Investigation of a novel completely-in-the-canal direct-drive hearing device: a temporal bone study

Affiliations

Investigation of a novel completely-in-the-canal direct-drive hearing device: a temporal bone study

Hossein Mahboubi et al. Otol Neurotol. 2013 Jan.

Abstract

Hypothesis: Whether a prototype direct-drive hearing device (DHD) is effective in driving the tympanic membrane (TM) in a temporal bone specimen to enable it to potentially treat moderate-to-severe hearing loss.

Background: Patient satisfaction with air conduction hearing aids has been low because of sound distortion, occlusion effect, and feedback issues. Implantable hearing aids provide a higher quality sound but require surgery for placement. The DHD was designed to combine the ability of driving the ossicular chain with placement in the external auditory canal.

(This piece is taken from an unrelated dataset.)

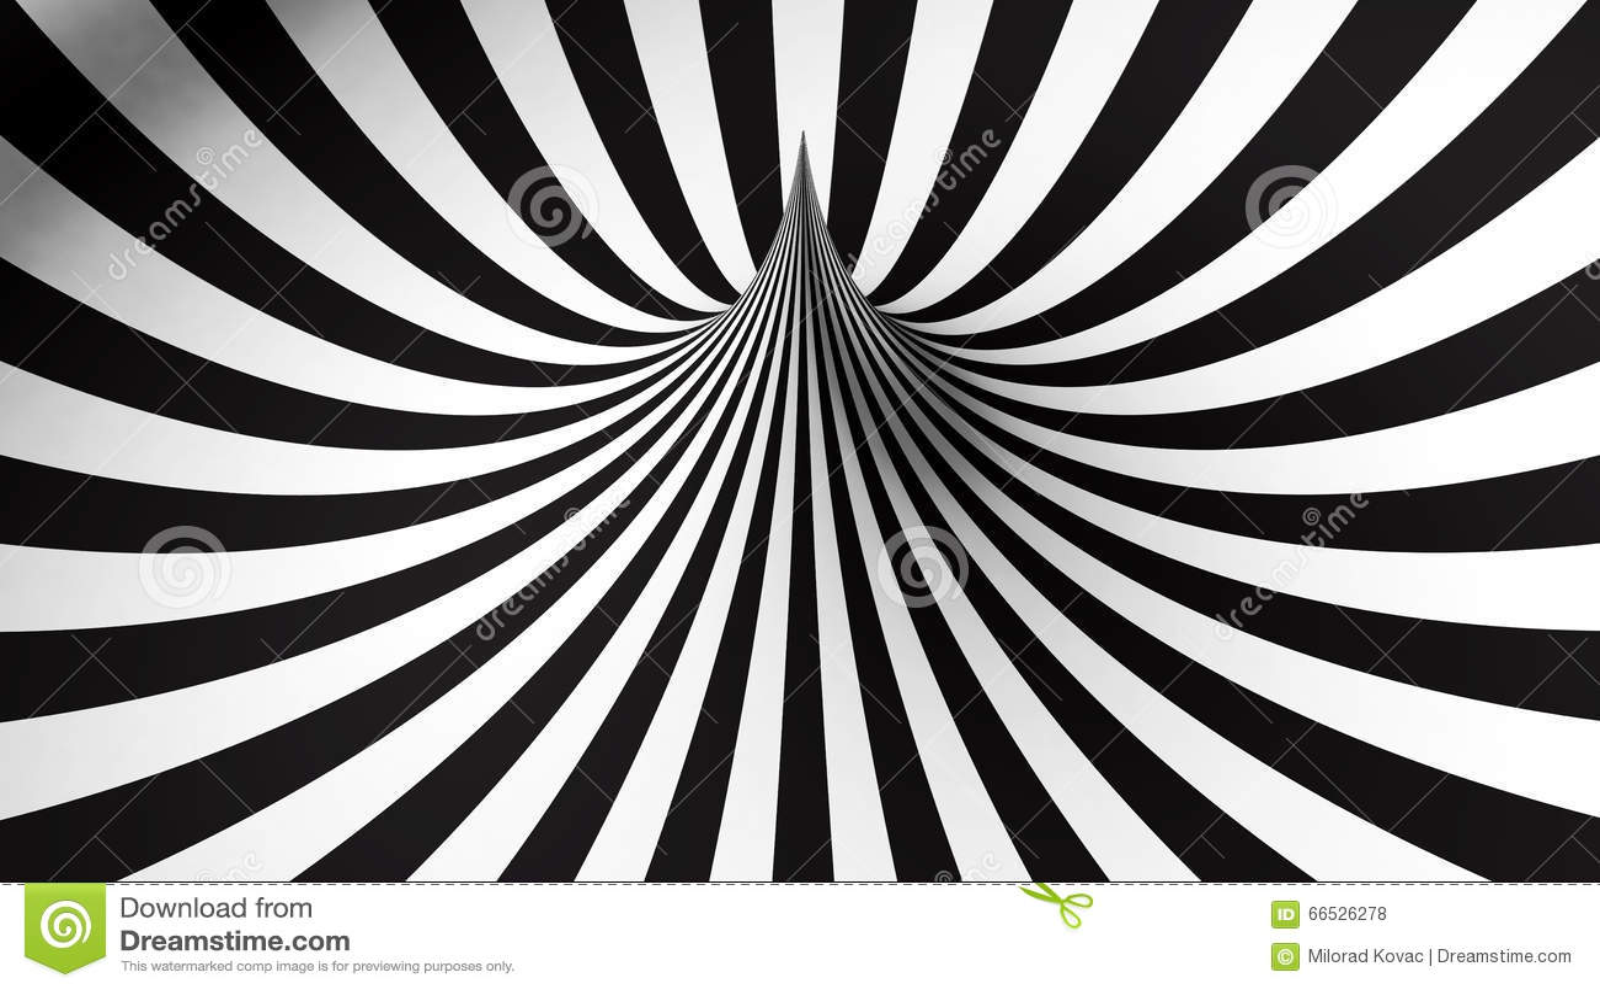 black and white geometric shape stock illustration illustration of digital motion 66526278. Black Bedroom Furniture Sets. Home Design Ideas

Methods: DHD is a 3.5-mm wide device that could fit entirely into the bony ear canal and directly drive the TM rather than use a speaker. A cadaveric temporal bone was prepared. The device developed in our laboratory was coupled to the external surface of the TM and against the malleus. Frequency sweeps between 300 Hz to 12 kHz were performed in 2 different coupling methods at 104 and 120 dB, and the DHD was driven with various levels of current. Displacements of the posterior crus of the stapes were measured using a laser Doppler vibrometer.

Results: The DHD showed a linear frequency response from 300 Hz to 12 kHz. Placement against the malleus showed higher amplitudes and lower power requirements than when the device was placed on the TM.

Conclusion: DHD is a small completely-in-the-canal device that mechanically drives the TM. This novel device has a frequency output wider than most air conduction devices. Findings of the current study demonstrated that the DHD had the potential of being incorporated into a hearing aid in the future.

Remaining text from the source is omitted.